:: Exercise ::
Word-for-word transcription: reproduce all of the data, but not the pictures.

:: Provided material ::
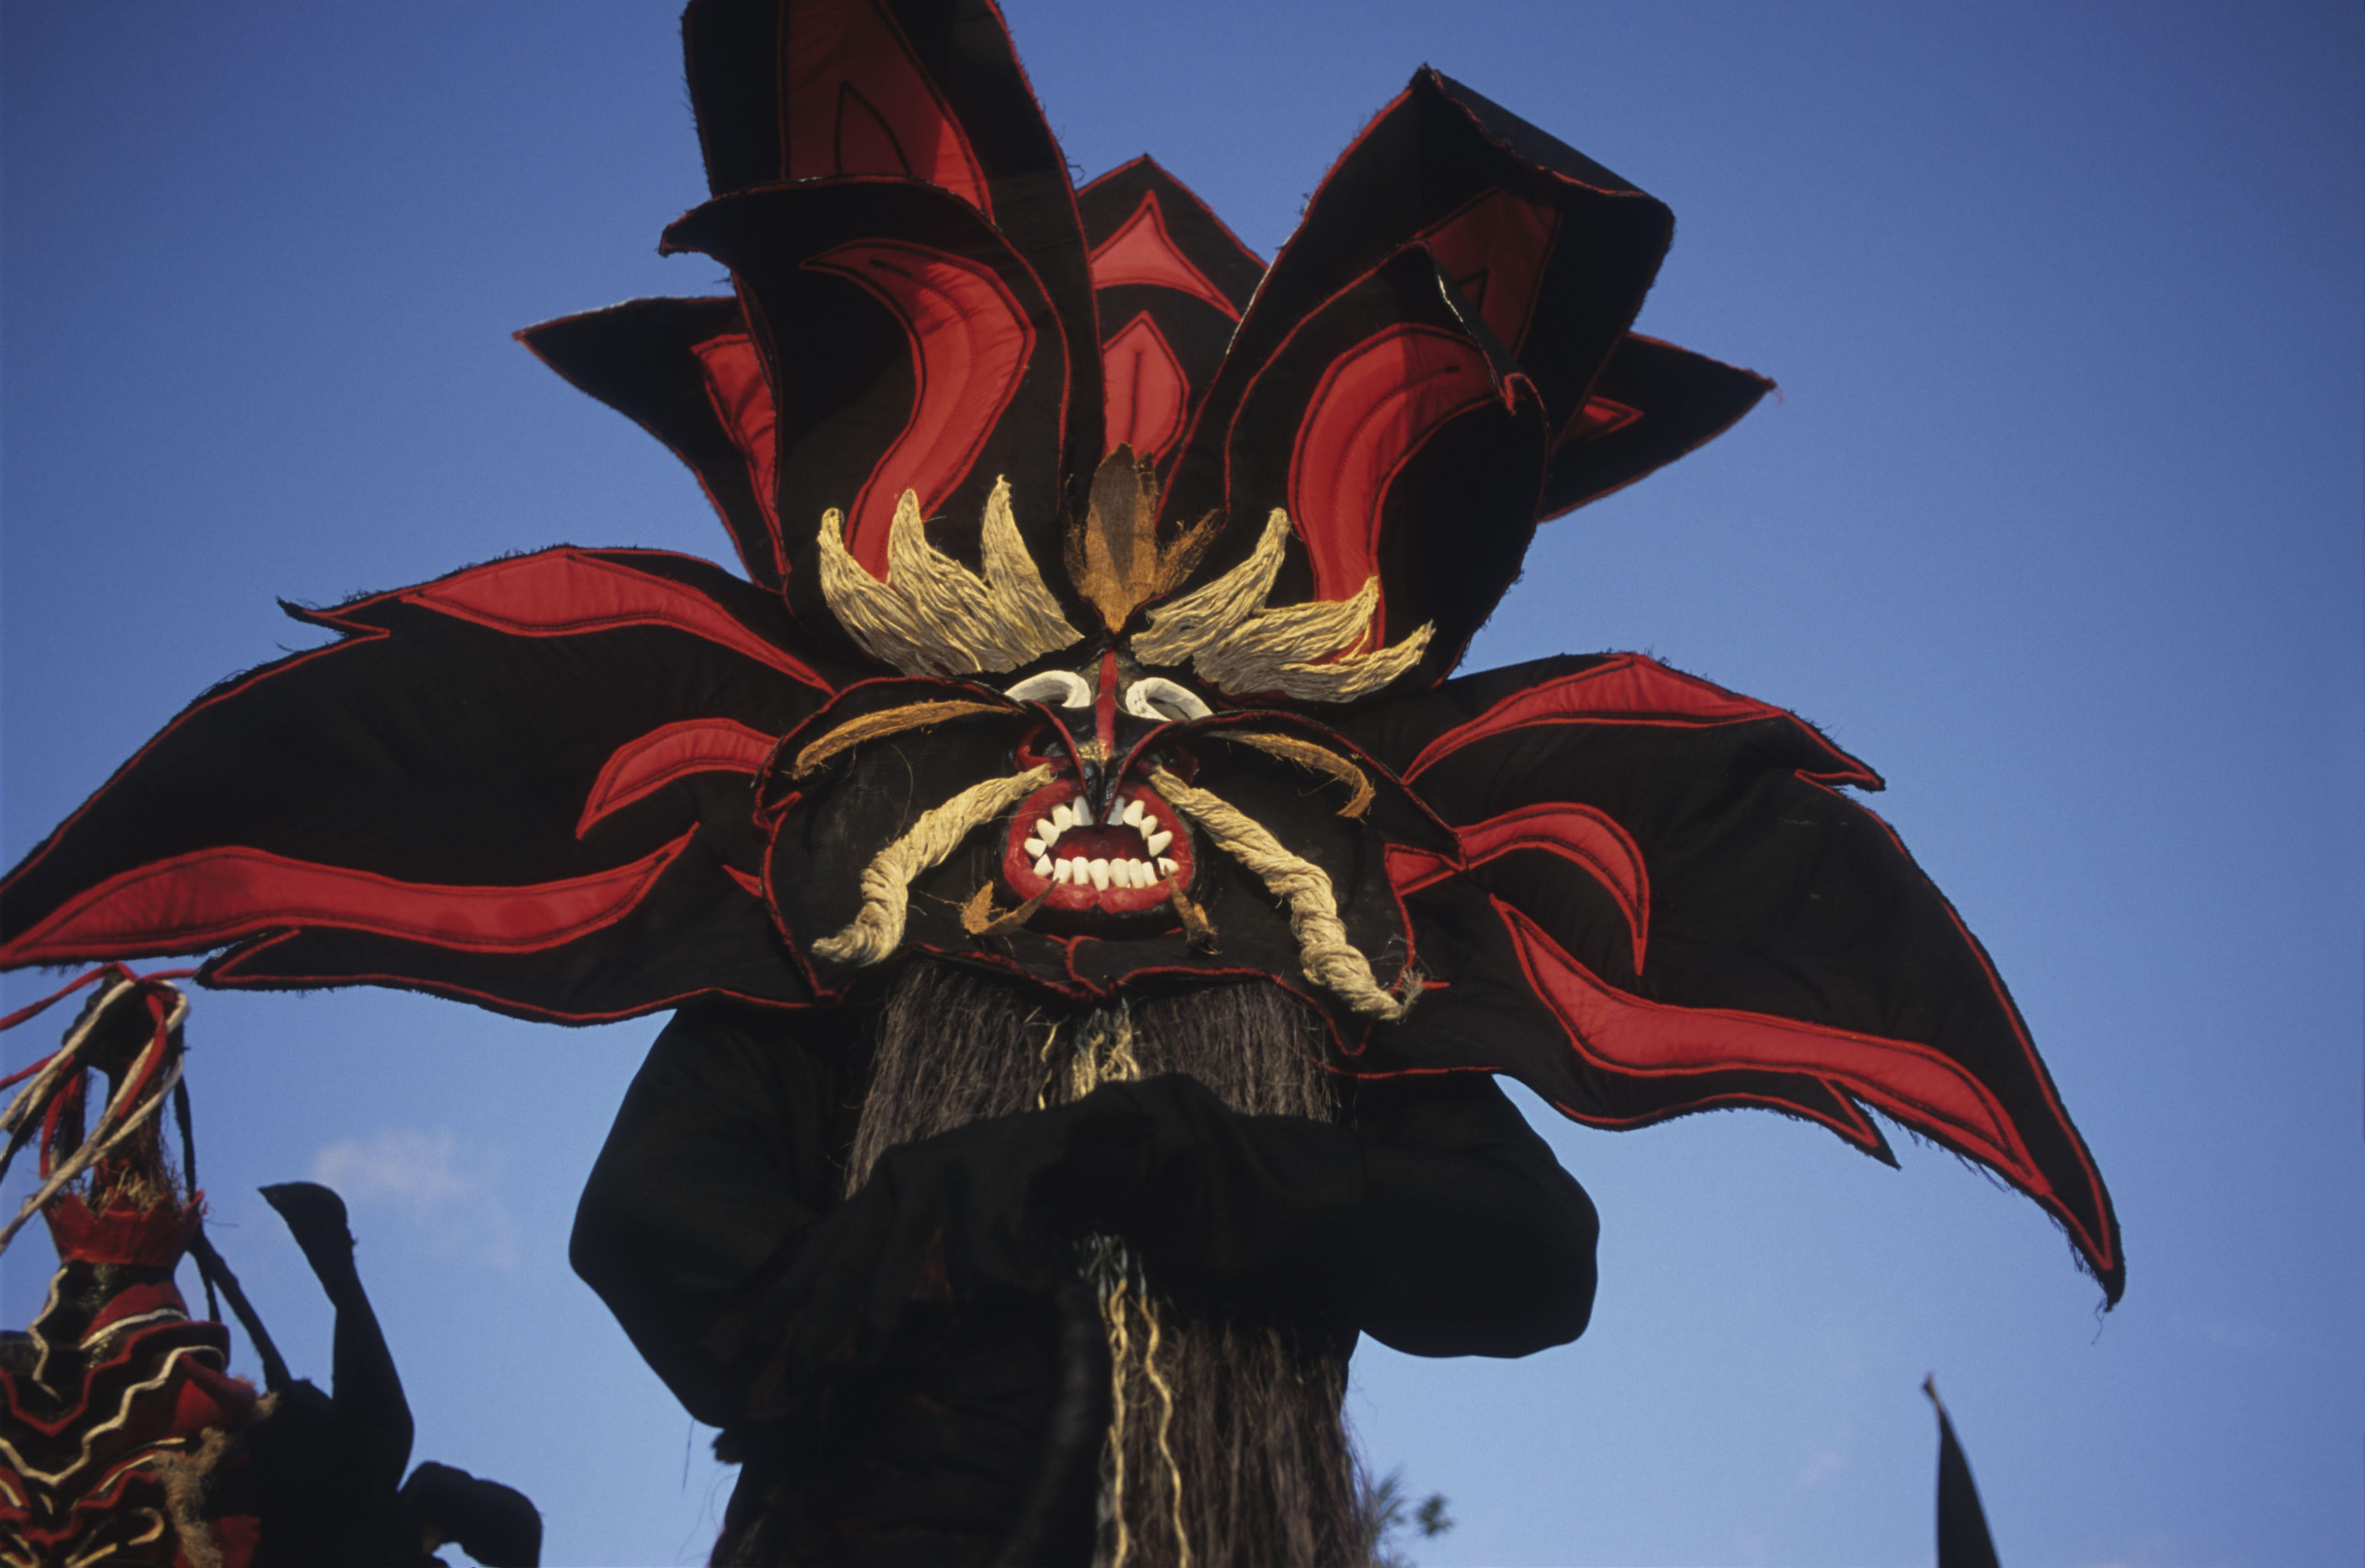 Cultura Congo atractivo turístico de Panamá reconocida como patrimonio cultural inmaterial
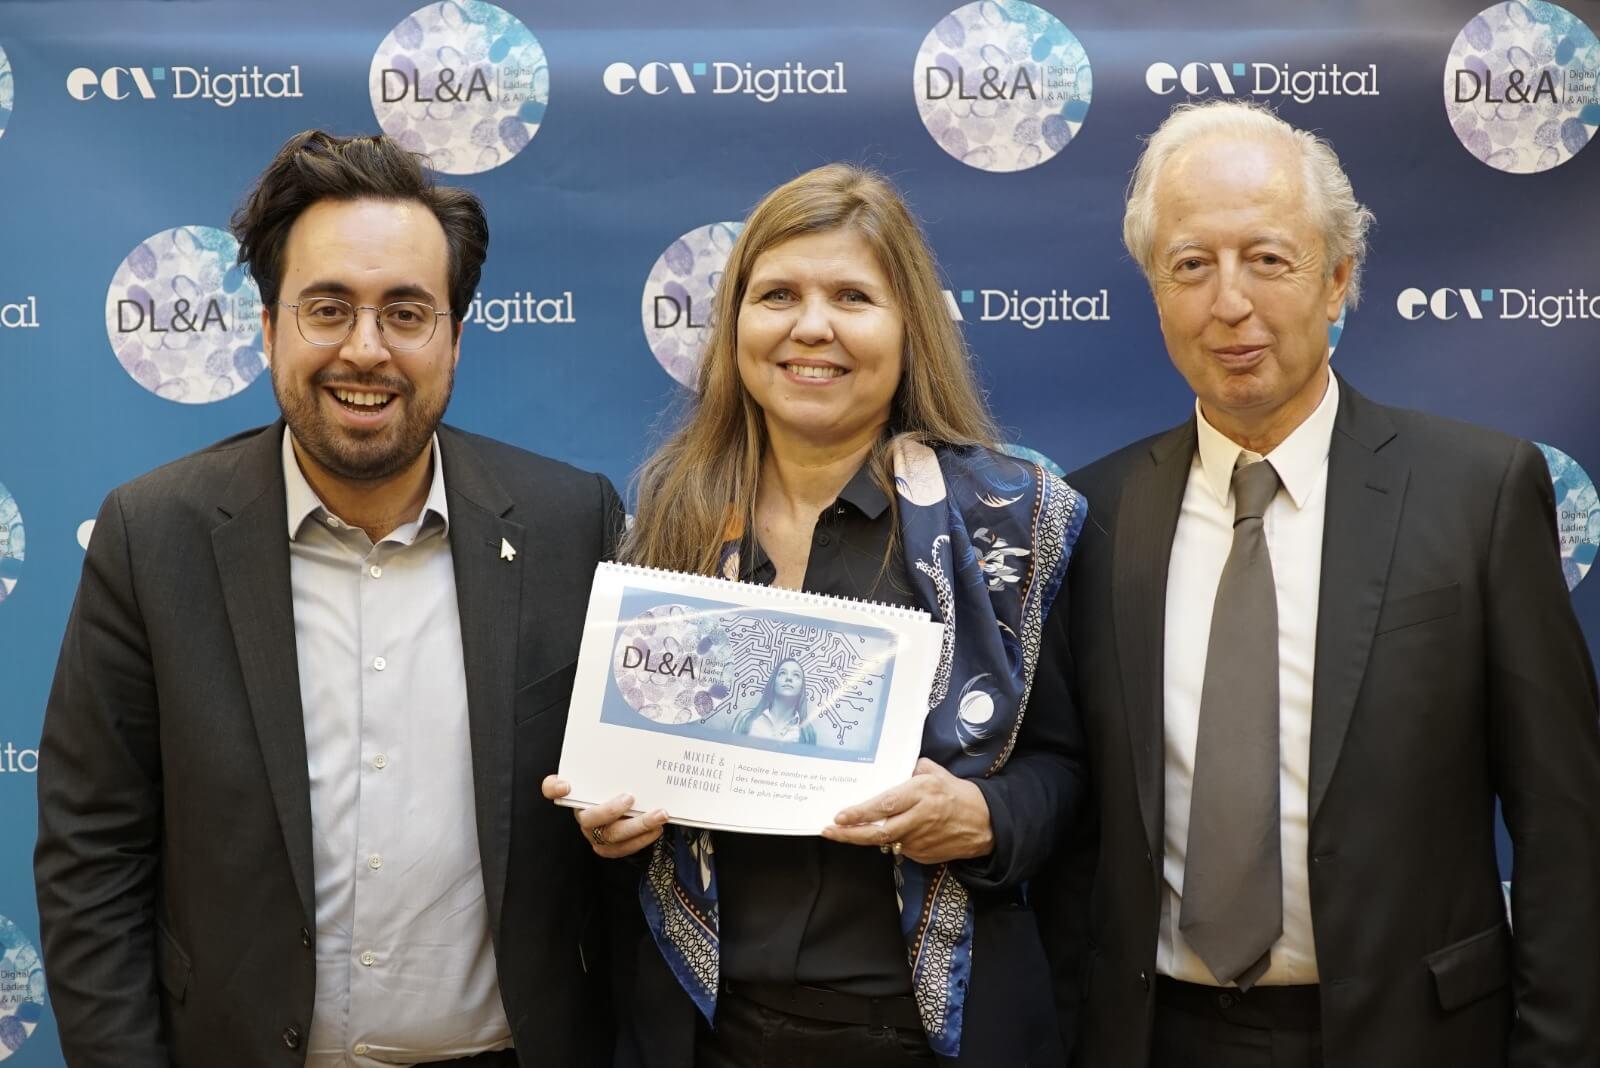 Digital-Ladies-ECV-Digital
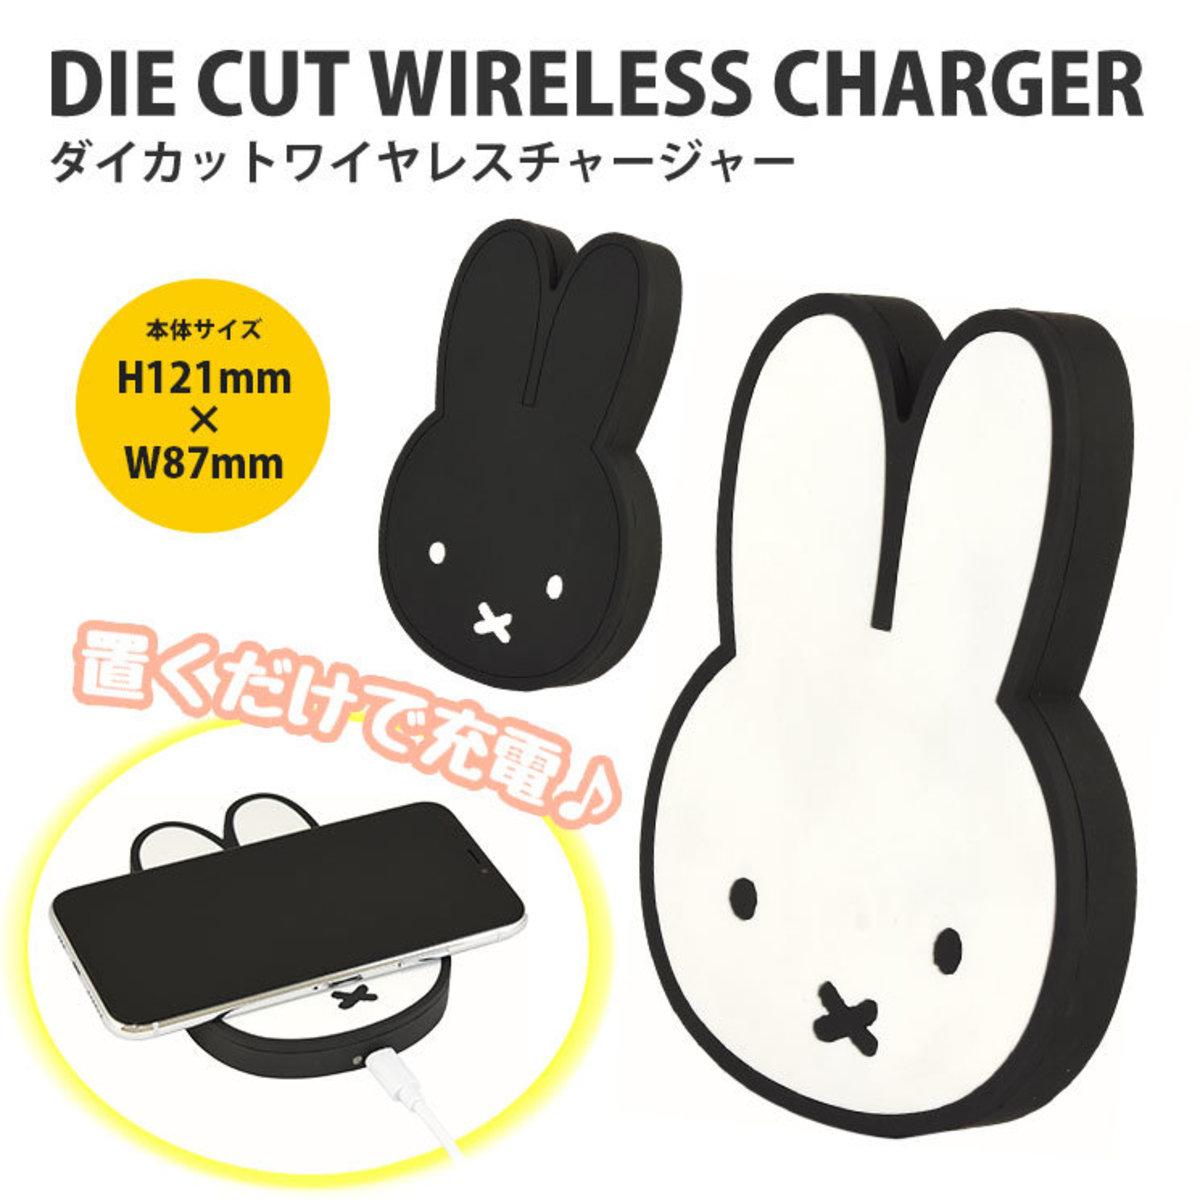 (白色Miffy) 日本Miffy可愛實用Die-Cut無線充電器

:: Written solution ::
 Cultura Congo atractivo turístico de Panamá reconocida como patrimonio cultural inmaterial
 Digital-Ladies-ECV-Digital
 (白色Miffy) 日本Miffy可愛實用Die-Cut無線充電器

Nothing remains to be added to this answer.